Match making between international corporations, and local small and medium-sized businesses (SMEs), is the way Country Director Emmanuel Maillard describes Building Markets.

“We came with a program to help local suppliers integrate into supply chains of international organisations, such as CARE and Médecins Sans Frontières / Doctors Without Borders, trying to understand what international organisations need in terms of procurement and flexibility to source locally. Their key challenge: finding suppliers, and how to engage with suppliers because of gaps that exist.”  

Even though Building Markets is classified as a non-profit (NPO) social enterprise, Emmanuel says it feels more like an enterprise that charges for capacity building programs.

These focused business training programs fill knowledge gaps in areas such as procurement (both how to set up a system and how to be attentive), financial management, sales and marketing, and the value corporate social responsibility (CSR) in company marketing. Coca Cola enrolled in an anti-corruption training program. Courses range from a one-day master class, to several one-hour classes over a one-month period, in Yangon, Mandalay, and Mawlamyine.

Green Pest Management (GPM), a pest control company that uses plant-derived agrochemicals to prevent and control pests, heard about Building Markets through an interviewee. The ownersm Kyaw Swa Tun and his wife Aye Mya Thu later sent their assistant Mya Mon Mon Aung to learn about HR management.

“We started as a family company,” says Aye Mya Thu. “I never had experience running my own company because I used to work in the US, so I was on a management team, not the owner. I had to learn everything as I went.”

Building Markets taught the young company the need for a dedicated HR person, and the importance of accurate record keeping, particularly with regard to their CSR work.

“Before, when somebody asked us for donations, we always helped them, but we didn’t have any records of how much we gave and to whom.”

GPM also recently signed the UN Global Compact after Building Markets held an information session on the initiative.

As Building Markets’ core activity is linking foreign companies with local SMEs, rather than with large and established local companies, training “is with the ambition to help them be more competitive and potentially gain some shares in their own markets.”

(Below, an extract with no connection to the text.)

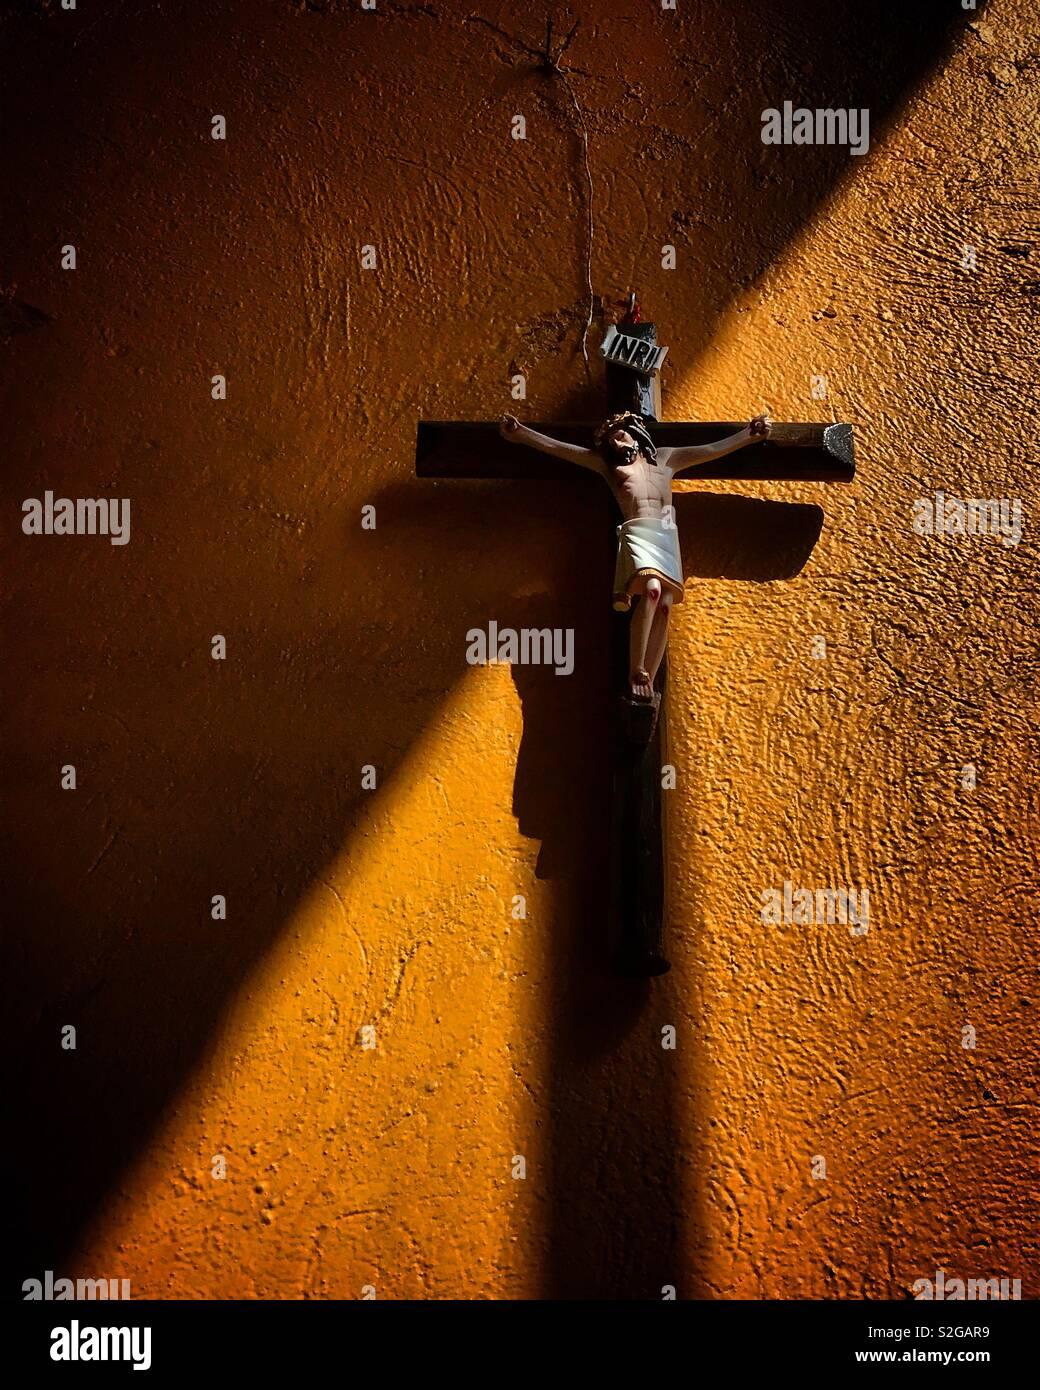 La luz del sol ilumina una escultura de Jesucristo crucificado en Tequisquiapan, Querétaro, México Imagen De Stock

The impact has been significant. “We find businesses here. We have a database of 2500 SMEs in Myanmar. We profile them, give them access to international organisations, then we connect them, based on identified opportunities, like tenders or already existing demand. We’ve put in touch over 500 SMEs with potential clients, which has transformed into about 200 contracts signed with over $16m in value, since 2012.”

Recently, Building Markets worked with Heineken to find a catering contractor.  The NPO organized a factory visit for and discussion with Heineken for ten interested groups.  Four applied for the tender.

“A very large part of the evaluation was given to the social aspect: the contractor needed to recruit around the factory and provide training.  We prepared those documents, we found the companies considering the tender, and made sure they followed the timeline.  We didn’t participate in technical preparations but reminded them, ‘This is 40% of the evaluation’ and so on, and we passed the bids to Heineken.”

Typically, Building Markets seeks already established SMEs, but in this case they found an interesting individual who once lived on a boat as a cook for several years. Ultimately, Heineken chose him, and Building Markets helped him set up the business through proper government channels and recruit staff.  

Emmanuel Maillard, the Country Director of Building Markets. Photo: Hong Sar
Emmanuel Maillard, the Country Director of Building Markets. Photo: Hong Sar

“We also organised a delegation of 12 Turkish companies in the electrical and electronic industry.  We organized a full day with local distributors and manufacturers like speed dating.”  

Building Markets also plays an important role beyond match making as a “neutral point of contact” that strengthens the relationships by providing mediation and communication, particularly feedback loops. It is easy for SMEs to feel demotivated when they lose tenders, and Building Markets makes an effort to receive feedback on why companies were not chosen.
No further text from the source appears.